Artan rekabet ve bölgedeki belirsizlikler nedeniyle daha çok çalışmak zorundayız
Kuruluşundan bugüne büyük projelere imza atan Doğuş İnşaat, özellikle inşa ettiği 21 baraj ve hidroelektrik santralle bu alanda ülkemizin en etkili müteahhitleri arasında yer alıyor. 1951 yılında başlayan başarılı yolculuğun bir bölümünü aktarmak için bir araya geldiğimiz Doğuş İnşaat ve Ticaret A.Ş. Yönetim Kurulu Görevli Üyesi ve CEO’su ve Türkiye Müteahhitler Birliği Başkan Vekili Burak Talu sorularımızı yanıtladı.
Doğuş İnşaat, ülkemiz için önem arz eden büyük barajları inşa etti. Konu ile ilgili genel bir değerlendirme rica edebilir miyiz?
Baraj ve hidroelektrik santrali yapımına ilk defa 1958 yılında Konya’daki Apa Barajı ile başladık. Bunu, 1960’larda Bayındır, Selevir, Alakır, Kesiksu barajları takip etti. Bu alandaki çalışmalarımızın ivme kazanması hiç şüphesiz Hasan Uğurlu Barajı ve Hidroelektrik Santrali ile 1971’de başladı. Dünyanın sayılı yeraltı santrallerinden biri olan bu baraj, doğrudan doğruya Türk mühendisi, teknisyeni, işçisi, müteahhidi ve finansman kurumlarıyla hayata geçirilen ilk baraj ve hidroelektrik santrali oldu. Öyle ki, o zamanlar bu proje yabancı basında “Türk Teknolojisi’nde Dönüm Noktası” olarak da çok ses getirmiş. Bu proje, benim hayatım için de bir dönüm noktasıdır aslına bakarsanız. İnşaat Mühendisi bir babanın çocuğu olarak bu sektörle tanışmam çok küçük yaşlarda, babam Gönül Bey’in başında bulunduğu Hasan Uğurlu ve bunu takip eden baraj ve HES şantiyelerinde (Suat Uğurlu, Aslantaş ve Derbent) büyümemdendir. Ben çok şanslıydım ki çocuk yaşta böylesi büyük projelere tanıklık ettim. Çünkü, bu projeler Doğuş İnşaat’ın başarısında önemli bir yere sahip… Aynı zaman dilimi içerisinde hayata geçirilen bu üç proje (Hasan Uğurlu, Suat Uğurlu, Aslantaş baraj ve hidroelektrik santralleri) şirketimizin Avrupa’nın en büyük müteahhitleri arasına girmesini sağladı. Hatta; Aslantaş Barajı’nın başka bir özelliği de var. Bu projeyle Doğuş İnşaat, Dünya Bankası’nın ilk kez yabancı firma ortaklığı koşulunu ortadan kaldırarak kredi anlaşması imzaladığı ilk Türk şirketi oldu.

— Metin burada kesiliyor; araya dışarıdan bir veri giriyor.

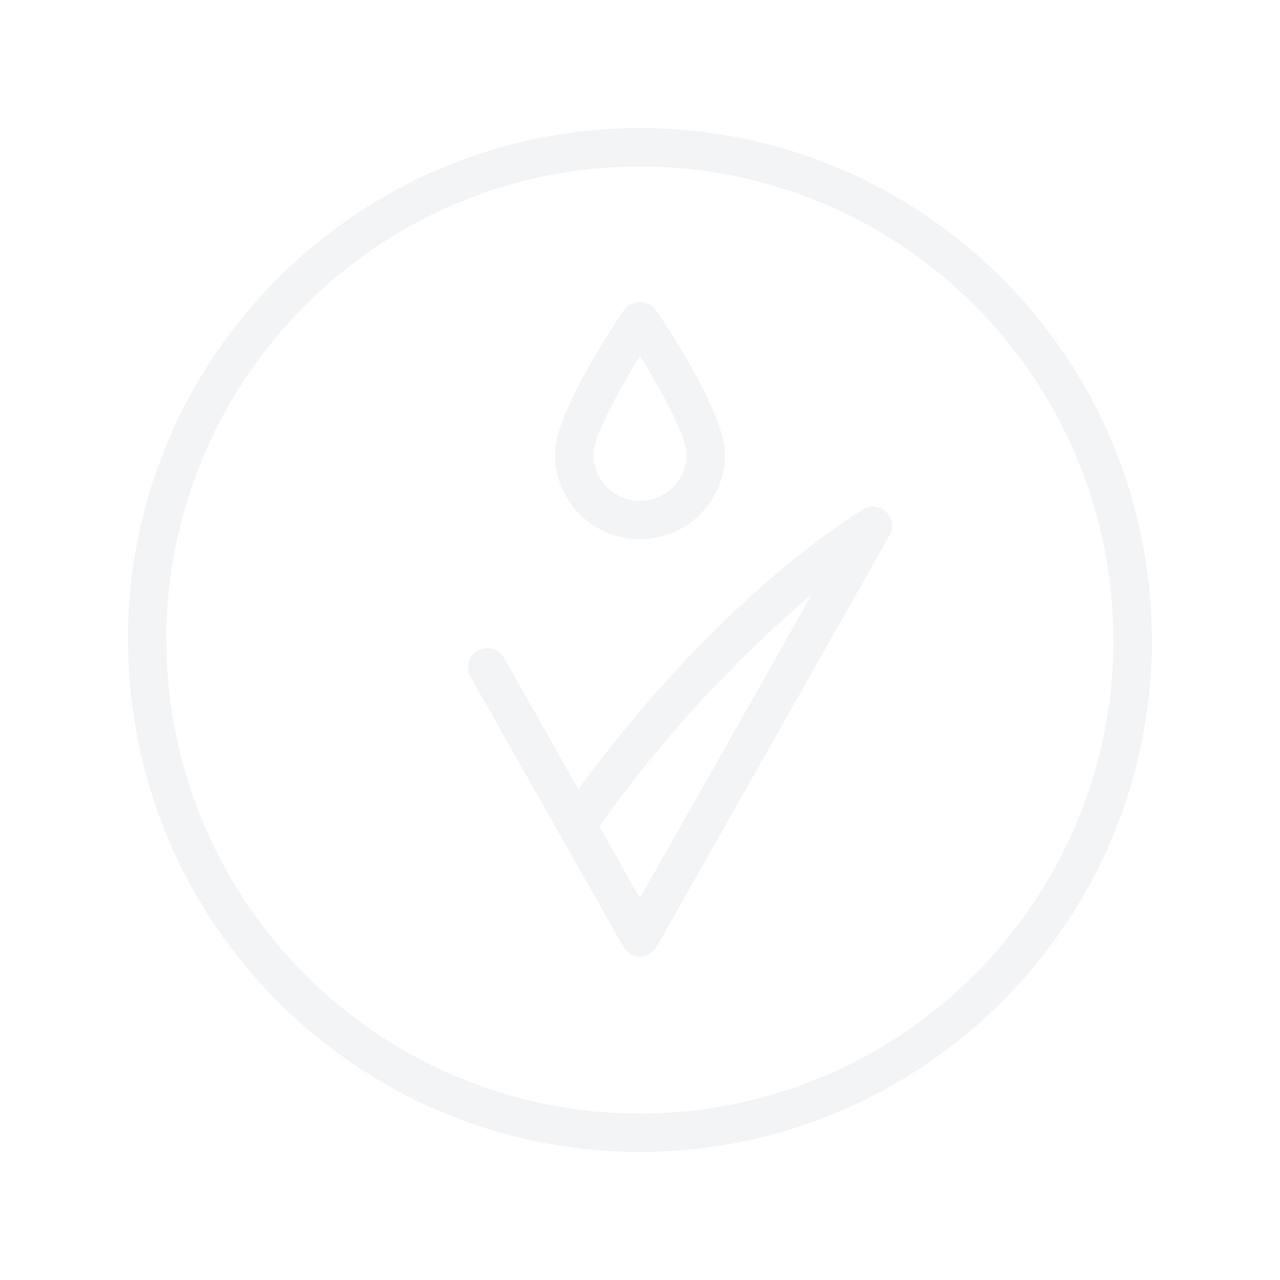 LOTTIE Arch Rival Shape & Highlight Eyebrow Pencil 2.59g

80’li yıllarda dünyanın en eski barajı olarak bilinen ve kutsal kitabımızda da adı geçen Marib Barajı’nı yeniden inşa ettik. Yemen’in en önemli tarihi yapılarından biri kabul edilen bu barajın yeniden inşaasını 1 yıl gibi rekor sürede tamamladık. Bir dönem ara verdikten sonra yılan hikâyesine dönen ikili protokoller çerçevesindeki projelerle ilgilendik. Doğuş Grubu’nun yatırımcısı olarak hayata geçirdiği çok büyük ve önemli iki baraj ve hidroelektrik santrali projesinin (Boyabat ve Artvin) müteahhidi olduk. Bunlardan Boyabat Barajı’nın geçmişi, aslında tam 62 yıl öncesine dayanıyor. Çünkü, ilk etüd ve araştırma çalışmalarına 1955 yılında başlanmış. Kati projenin tamamlanma tarihi ise 1986’ymış. Ancak, yer aldığı sarp topografya koşulları nedeniyle yapımı bugünlere kadar ertelenen Türkiye’nin en yüksek 5. barajı olan Boyabat’ın hayata geçirilme süreci, Doğuş Grubu’nun enerji sektöründeki yatırım şirketi Boyabat Elektrik Üretim ve Tic. A.Ş.’nin devreye girerek T.C. Enerji Piyasası Düzenleme Kurumu’ndan (EPDK) 49 yıllığına işletim lisansı almasıyla başladı. Projenin yüklenicisi olarak Boyabat Barajı’nın yapımına 2008 sonlarında başladık ve 47,5 ay gibi rekor bir sürede projeyi tamamladık. Enerji alanında özel sektörün gerçekleştirdiği en büyük yatırım olarak kabul edilen bu baraj ve hidroelektrik santral, Aralık 2012 itibariyle de elektrik üretimine başladı.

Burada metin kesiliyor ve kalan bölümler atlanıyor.